Charm Bracelet
Time Limit: 1000MS | Memory Limit: 65536K |
Total Submissions: 7247 | Accepted: 3278 |
Description
Bessie has gone to the mall's jewelry store and spies a charm bracelet. Of course, she'd like to fill it with the best charms possible from the N (1 ≤ N ≤ 3,402) available charms. Each charm i in the supplied list has a weight Wi (1 ≤ Wi ≤ 400), a 'desirability' factor Di (1 ≤ Di ≤ 100), and can be used at most once. Bessie can only support a charm bracelet whose weight is no more than M (1 ≤ M ≤ 12,880).

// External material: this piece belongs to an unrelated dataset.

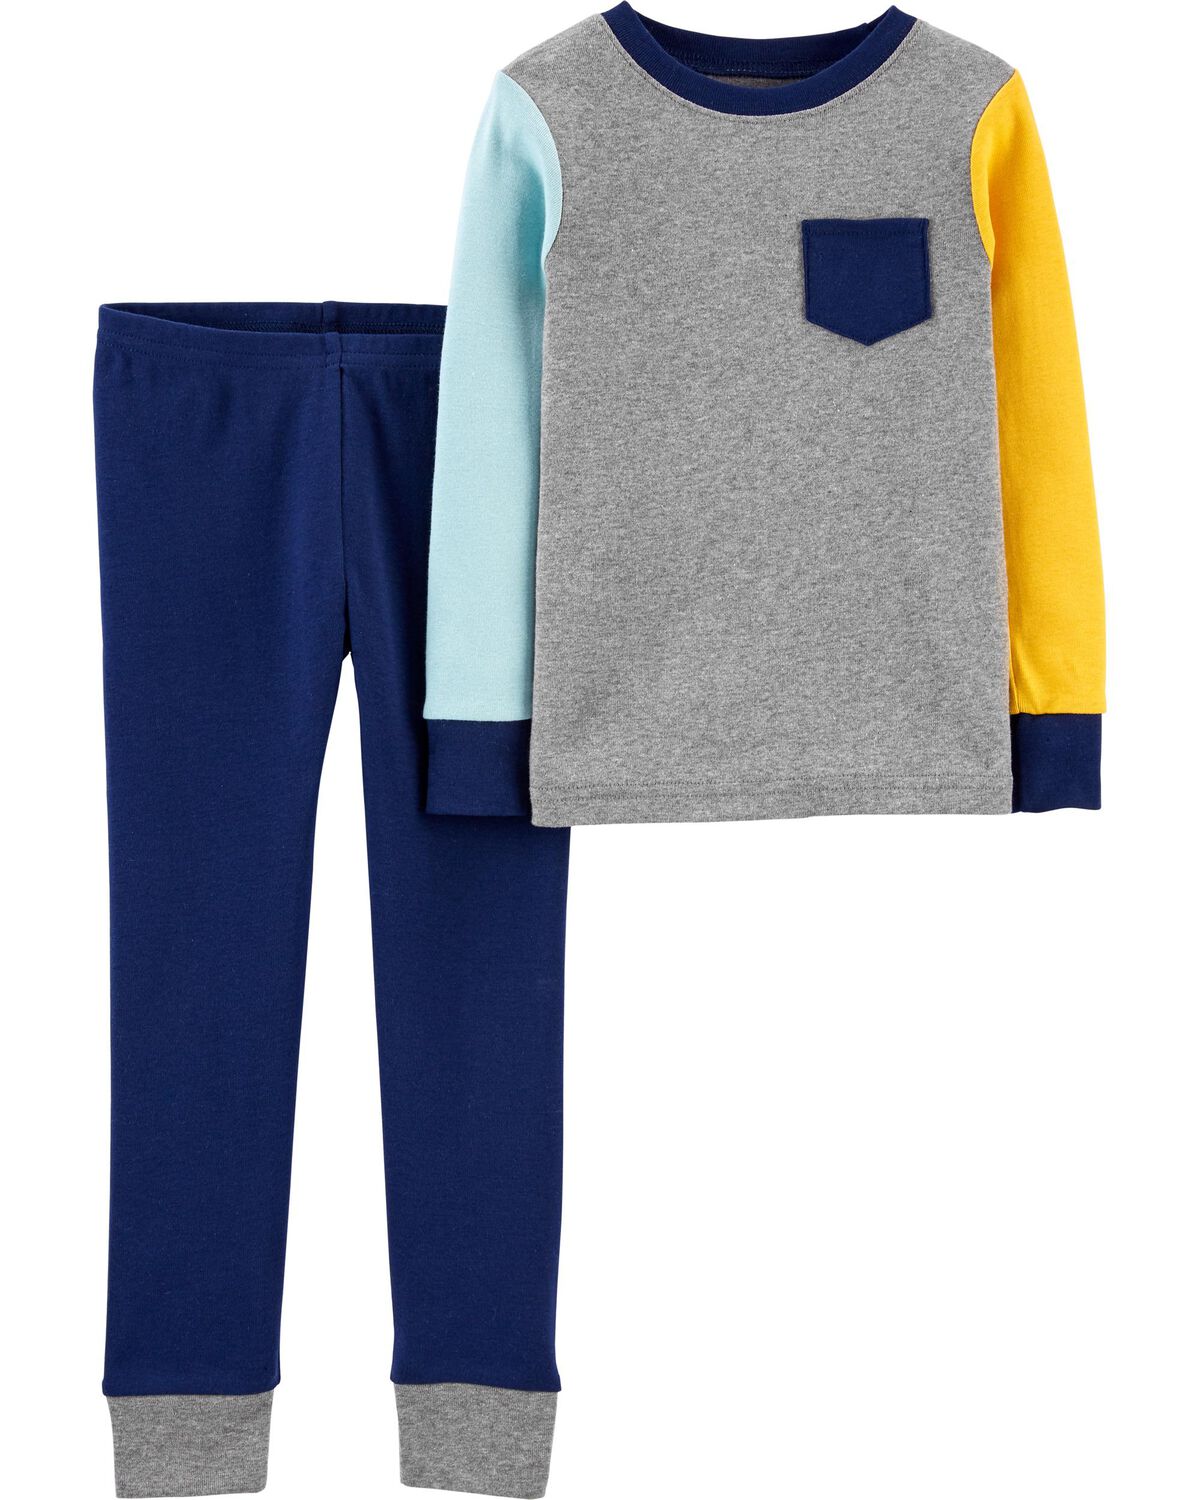 Kid 2-Piece Colorblock 100% Snug Fit Cotton Pajamas

Given that weight limit as a constraint and a list of the charms with their weights and desirability rating, deduce the maximum possible sum of ratings.
Input
* Line 1: Two space-separated integers: N and M
* Lines 2..N+1: Line i+1 describes charm i with two space-separated integers: Wi and Di
Output
* Line 1: A single integer that is the greatest sum of charm desirabilities that can be achieved given the weight constraints
Sample Input
4 6
1 4
2 6
3 12
2 7
Sample Output
23
题意:给定每个物品的重量和价值,求给定最大重量下能获得的最大价值。。
我的背包第一题
思路:01背包,状态方程为dp[i][j]=MAX(dp[i-1][j],dp[i-1][j-weight[i]]+value[i])
#include<iostream>
using namespace std;
int N,W,weight[40000],cost[40000],dp[40000],i,j;
int main()
{
while(cin>>N>>W&&N)
{
for(i=0;i<N;i++)
cin>>cost[i]>>weight[i];
memset(dp,0,sizeof(dp));
for(i=0;i<N;i++)
for(j=W;j>=cost[i];j--)
{
if(j-cost[i]>=0)
{
if(dp[j-cost[i]]+weight[i]>dp[j])
dp[j]=dp[j-cost[i]]+weight[i];
}
}
cout<<dp[W]<<endl;
}
}